The classifier encodes only a selection of the input, which we denote $x \odot z$, and parameterises a Categorical distribution over $5$ outcomes (sentiment levels).

Thus let's implement a Categorical distribution (we will only need to be able to assess its lgo pmf):

In [12]:
class Categorical:
    
    def __init__(self, log_probs):
        # [B, K]: class probs
        self.log_probs = log_probs
        
    def log_pmf(self, x):
        """
        :param x: [B] integers (targets)
        :returns: [B] scalars (log probabilities)
        """
        return self.log_probs[np.arange(len(x)), x]

and a classifier architecture:

* implement the forward method

In [13]:
class Classifier(nn.Module):
    """
    The Encoder takes an input text (and rationale z) and computes p(y|x,z)
    """

    def __init__(self,
                 embed: nn.Embedding=None,
                 hidden_size: int=200,
                 output_size: int=1,
                 dropout: float=0.1,
                 layer: str="pass"):

        super(Classifier, self).__init__()

        emb_size = embed.weight.shape[1]
        enc_size = hidden_size * 2
        # Here we embed the words
        self.embed_layer = nn.Sequential(embed)

        self.enc_layer = get_encoder(layer, emb_size, hidden_size)

        # and here we predict categorical parameters
        self.output_layer = nn.Sequential(
            nn.Dropout(p=dropout),
            nn.Linear(enc_size, output_size),
            nn.LogSoftmax(dim=-1)
        )

        self.report_params()

    def report_params(self):
        count = 0
        for name, p in self.named_parameters():
            if p.requires_grad and "embed" not in name:
                count += np.prod(list(p.shape))
        print("{} #params: {}".format(self.__class__.__name__, count))

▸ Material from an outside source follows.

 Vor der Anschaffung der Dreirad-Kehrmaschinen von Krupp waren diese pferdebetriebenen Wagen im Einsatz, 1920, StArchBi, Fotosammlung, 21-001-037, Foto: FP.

    def forward(self, x, mask, z) -> Categorical:
        """
        :params x: [B, T, I] word representations
        :params mask: [B, T] indicates valid positions
        :params z: [B, T] binary selectors
        :returns: one Categorical distribution per instance in the batch
          each conditioning only on x_i for which z_i = 1
        """
        embeddings = self.embed_layer(x)  # [B, T, E]
        embedding_mask = z.float().unsqueeze(-1)  # [B, T, 1]
        masked_embeddings = embeddings * embedding_mask  # [B, T, E]
        lengths = mask.long().sum(1)  # [B]

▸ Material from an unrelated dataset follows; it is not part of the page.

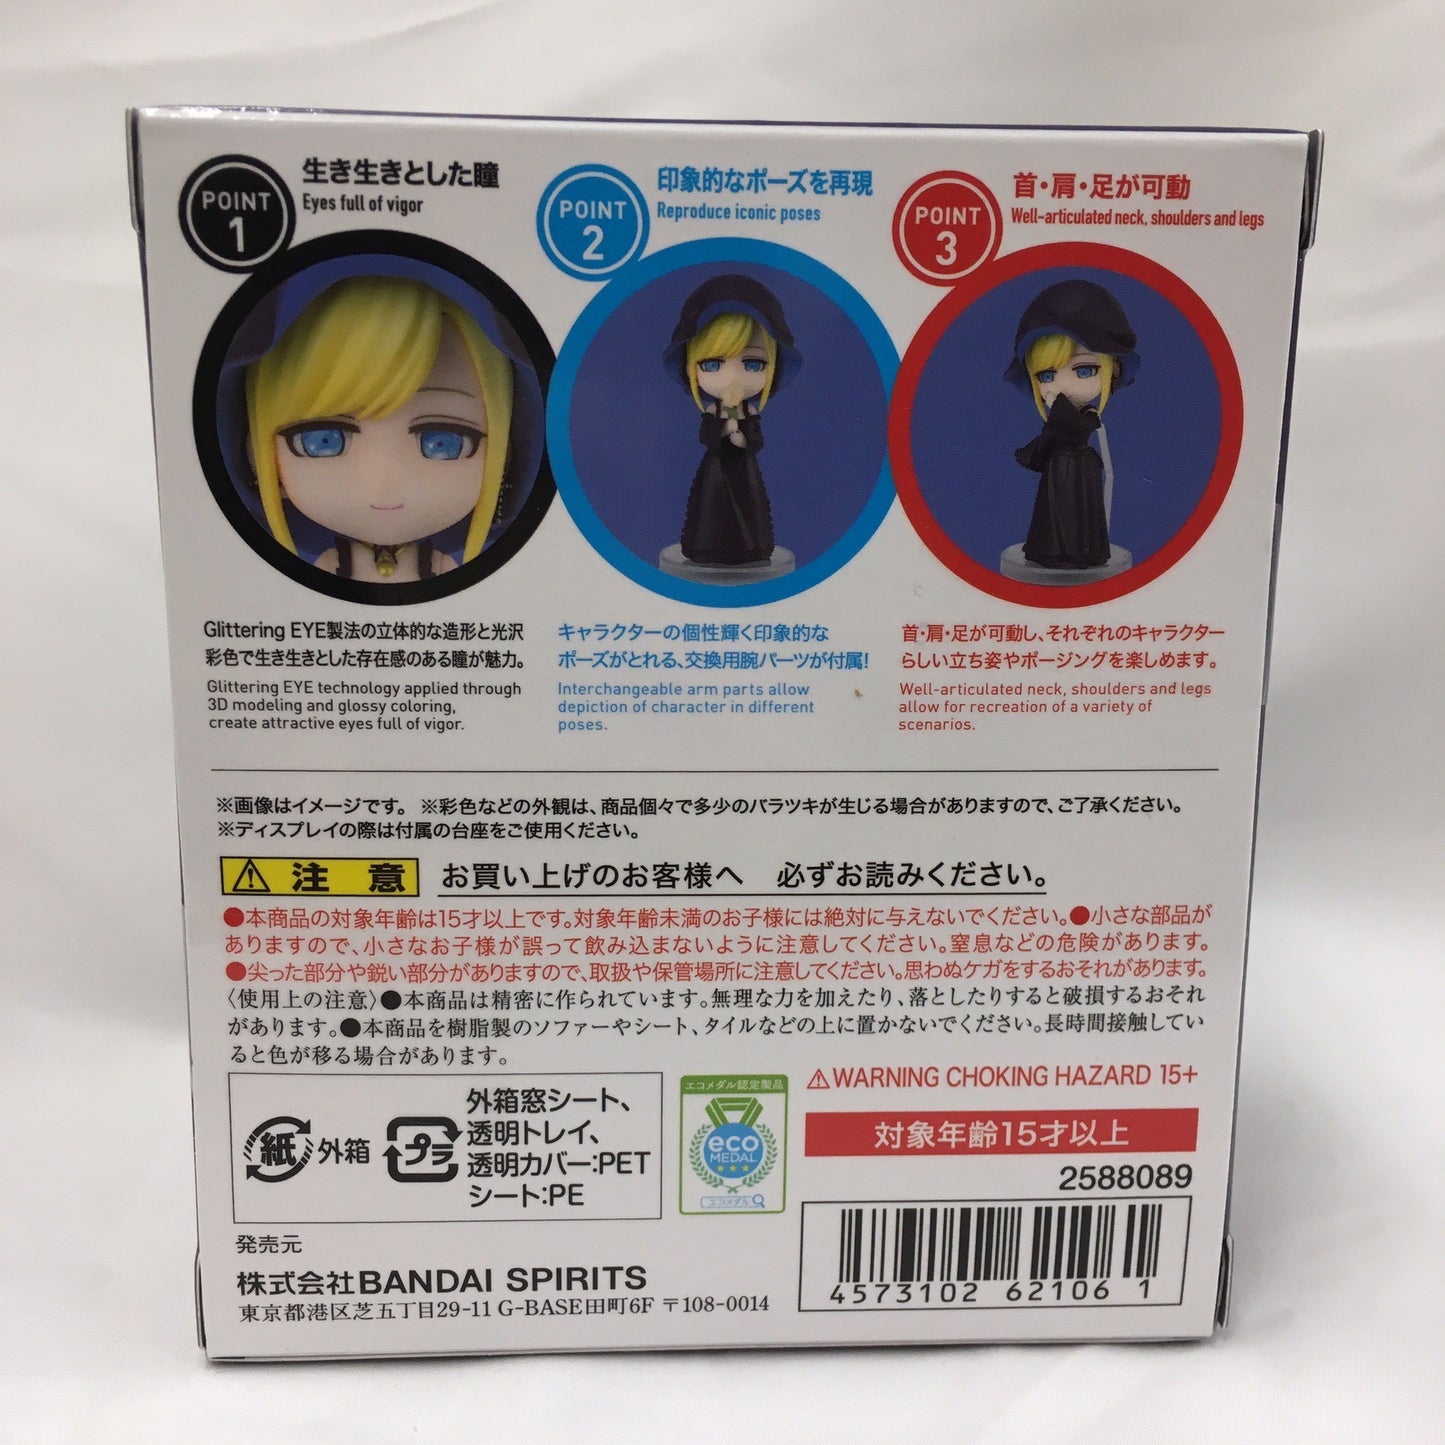 Figuarts Mini Alice „Shinigami Bochan und Black Maid“

        # encode the sentence
        _, final = self.enc_layer(masked_embeddings, mask, lengths)

        # predict sentiment from final state(s)
        log_probs = self.output_layer(final)  # [B, T, O]
        return Categorical(log_probs)

## Inference


Computing the log-likelihood of an observation requires marginalising over assignments of $z$:

\begin{align}
P(y|x,\theta,p_1) &= \sum_{z_1 = 0}^1 \cdots \sum_{z_n=0}^1 P(z|p_1)\times P(y|x,z, \theta) \\
&= \sum_{z_1 = 0}^1 \cdots \sum_{z_n=0}^1 \left( \prod_{i=1}^n \text{Bern}(z_i|p_1)\right) \times \text{Cat}(y|f(x \odot z; \theta)) 
\end{align}

This is clearly intractable: there are $2^n$ possible assignments to $z$ and because the classifier conditions on all latent selectors, there's no way to simplify the expression.

We will avoid computing this intractable marginal by instead employing an independently parameterised inference model.
This inference model $Q(z|x, y, \lambda)$ is an approximation to the true postrerior $P(z|x, y, \theta, p_1)$, and we use $\lambda$ to denote its parameters.


We make a *mean field* assumption, whereby we model latent variables independently given the input:
\begin{align}
Q(z|x, y, \lambda) 
    &= \prod_{i=1}^{n} Q(z_i|x; \lambda) \\
    &= \prod_{i=1}^{n} \text{Bern}(z_i|g_i(x; \lambda)) 
\end{align}

where $g(x; \lambda)$ is a NN that maps from $x = \langle x_1, \ldots, x_n\rangle$ to $n$ Bernoulli parameters, each of which, is a probability value (thus $0 < g_i(x; \lambda) < 1$).

Note that though we could condition on $y$ for approximate posterior inference, we are opportunistically leaving it out. This way, $Q$ is directly available at test time for making predictions. The figure below is a graphical depiction of the inference model (we show a dashed arrow from $y$ to $z$ to remind you that in principle the label is also available).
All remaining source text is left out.